Ciro hace lo contrario a lo que se recomienda en el Económico: aquí la cosmética es una mentira útil de cara a un público excepcionalmente amplio que precisa de figuras ejemplares. No estamos frente a una comunidad íntima y cerrada, sino frente a un imperio que se plantea en el borde de la imaginación humana: "Rey de los Cuatro Rincones del Mundo", el título oficial de Ciro, no se aleja mucho del "Dios-Emperador de la Humanidad" de Warhammer 40k. De la misma manera que lo único que salva del caos del Inmaterium es el carisma –siempre divino, siempre performático– del Emperador, la única forma de hacer política frente a la ausencia es volverse una presencia a partir de una mediación cosmética: la imagen espectacular que será contada, la belleza pronta a ser relatada y testimoniada, la ruptura llamativa, los zapatos de Jessica Kessel de CFK o las cuatro camperas de Milei. 

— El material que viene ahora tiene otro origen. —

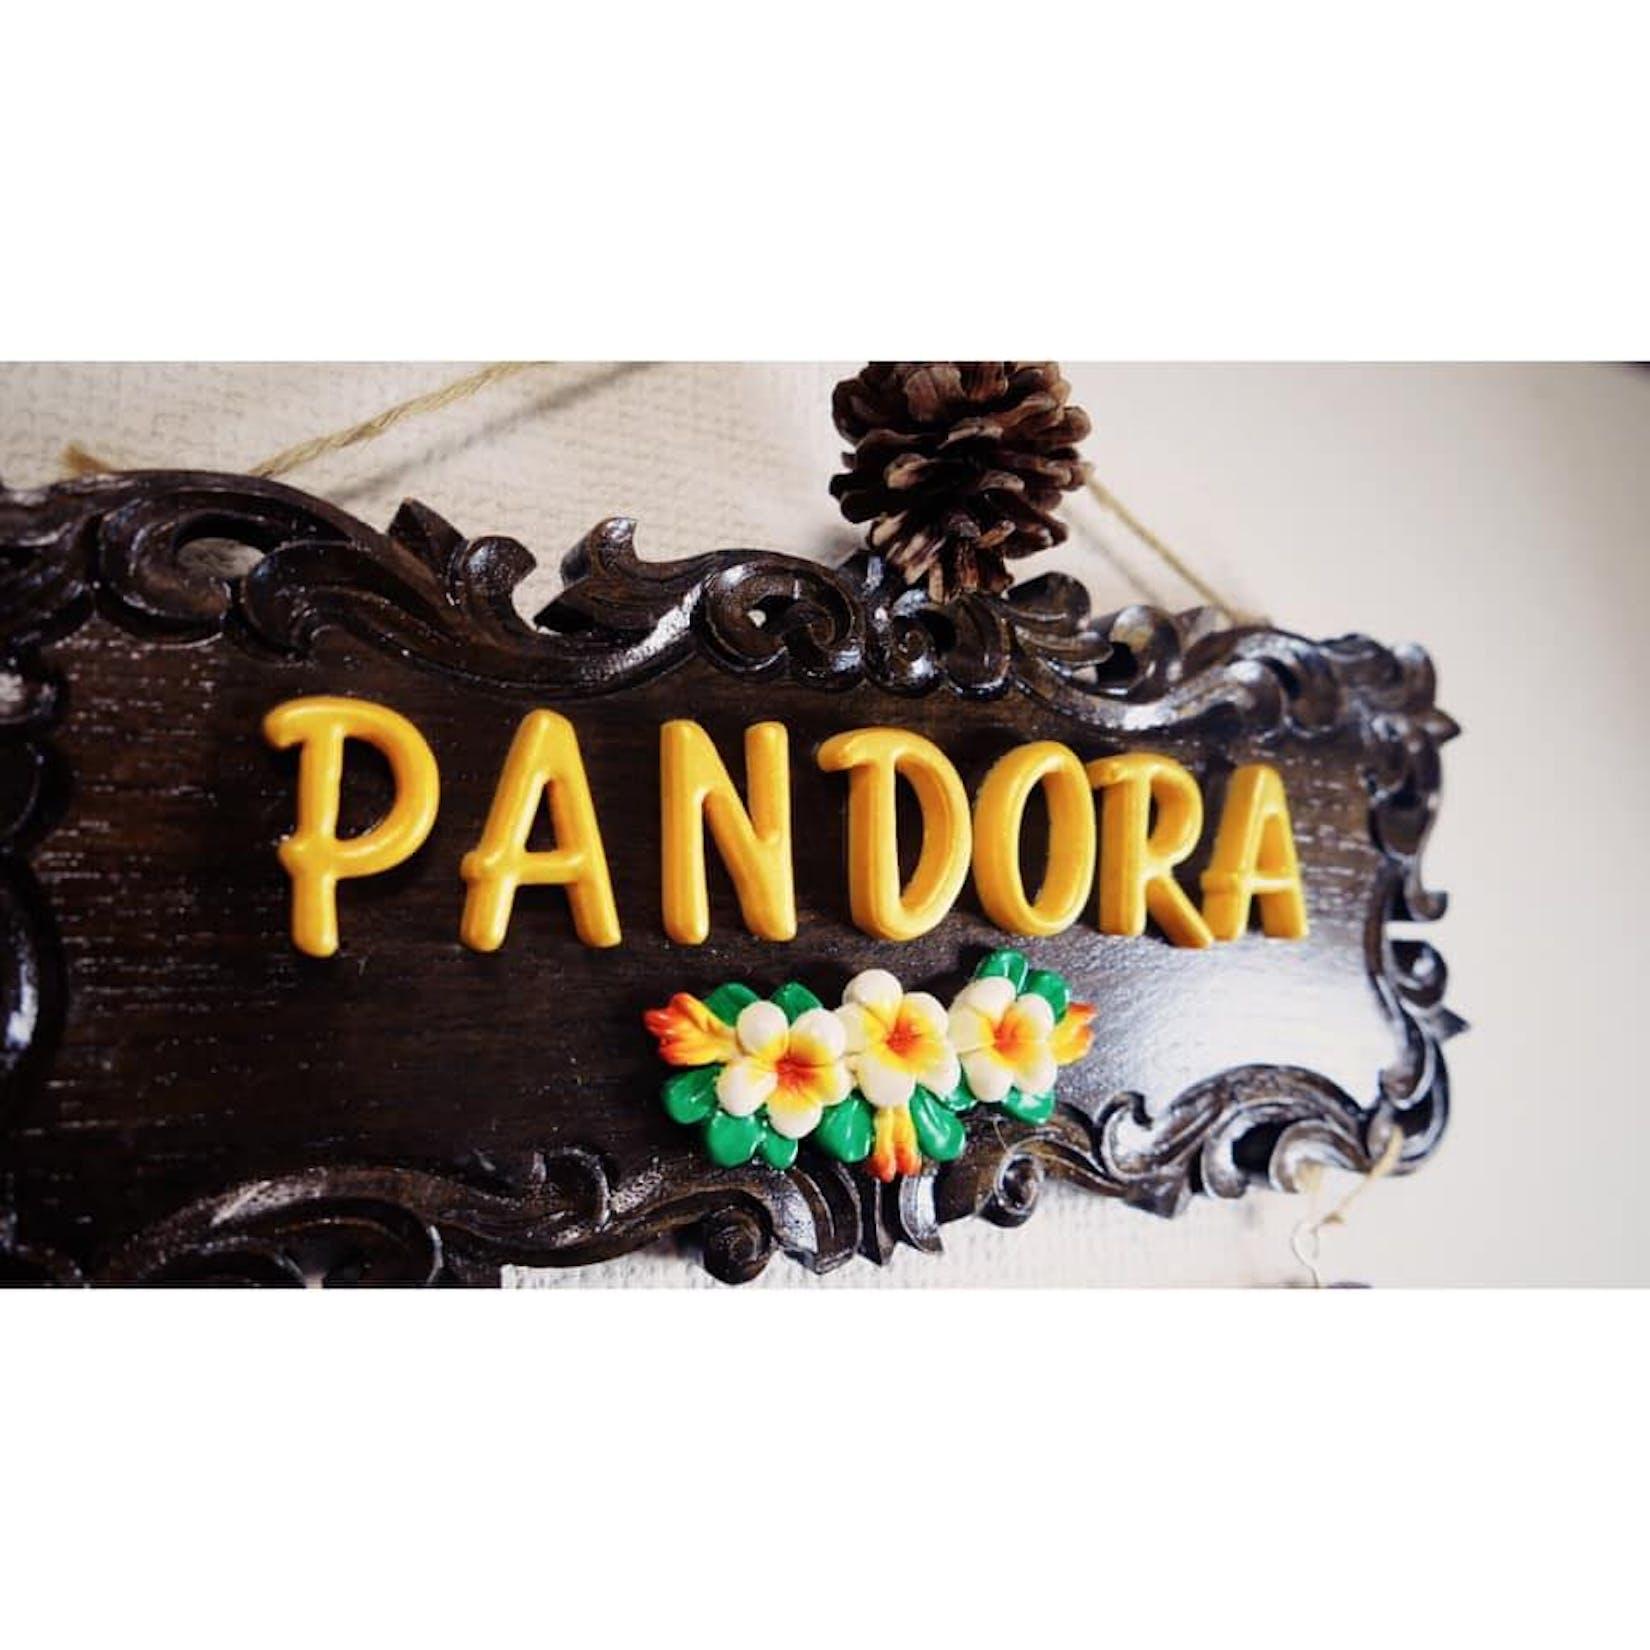 Pandora by Phyu - Skin Care & Eyebrow Training Academy | Beauty
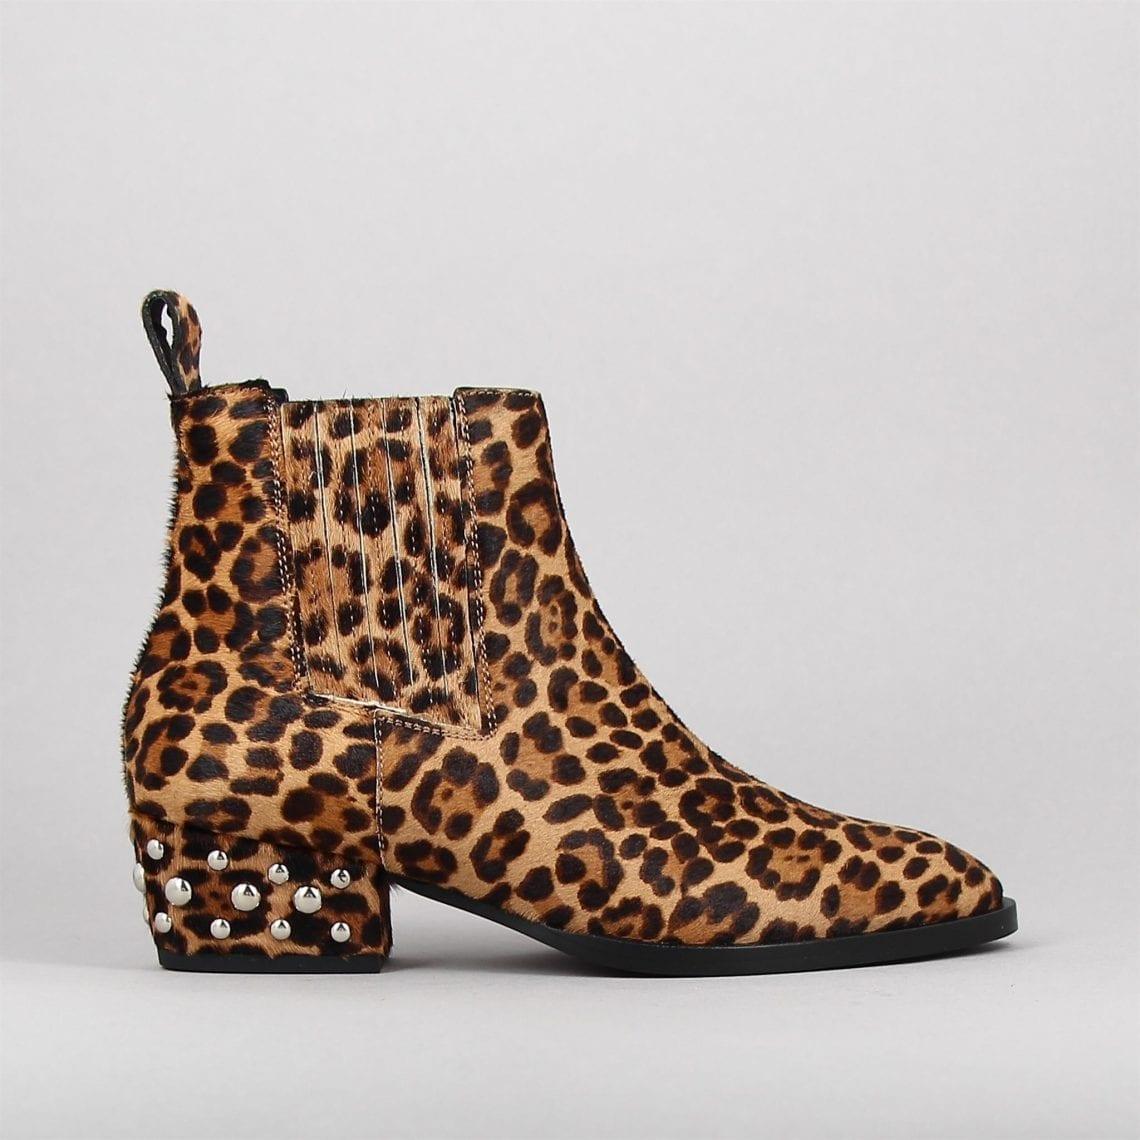 10967-h1819-leopard-3063815-0.jpg

Javier Milei, el Presidente de las Cuatro Camperas
Javier Milei, el Presidente de las Cuatro Camperas

Un test

¿Qué hacemos hoy? ¿El mundo de las redes sociales es un mundo sin mediaciones o, al contrario, uno donde hemos mediado las mediaciones mismas? En la respuesta a esta pregunta se encuentra la semilla para pensar los vínculos entre moda, cosmética y política. ¿Cuánta distancia hay entre gobernantes y gobernados? ¿Cómo se construye un vínculo afectivo político? ¿Hemos demolido las barreras que antes separaban la vida íntima de la pública o, al contrario, solo hemos multiplicado las barreras de entrada a círculos cada vez más pequeños que redoblan las puertas de acceso a lo privado?

Si nuestro mundo se ha achicado, si como desde la Cuarta Edad del Sol ahora todos los caminos son curvos y ninguno llega a Valinor, acaso solo reste denunciar el enigmático y atrapante poder de la mentira, pues todo vínculo con su utilidad se ha cortado. Quienes piensen así darán la batalla por la sinceridad, que no es otra cosa que la constante denuncia de un otro que nunca es genuino. En otras palabras: ¿hasta qué hora uno realmente toma mate? Hace unos meses, a raíz de la performatividad de los trends de moda masculina, Ash Callaghan marcó la trampa de esta dinámica: siempre se puede denunciar la performance de la performance de la performance, en un círculo imparablemente recursivo.

Si, al contrario, nada de lo esencialmente humano ha cambiado, si nuestra época no es más excepcional que otra y nuestras fantasías de singularidad son solo los sueños de quienes viven tiempos menos interesantes de lo que creen, aún tenemos que seguir pensando la moda y lo cosmético como herramientas indispensables de los vínculos con los otros y, así, de la política. Si pensamos que aún existe la intimidad, si aún creemos en esa imposibilidad de la comunicación que nos hace arreglarnos –pensarnos, revisarnos, representarnos– frente a otro: en la moda tenemos un universo que no podemos permitirnos abandonar.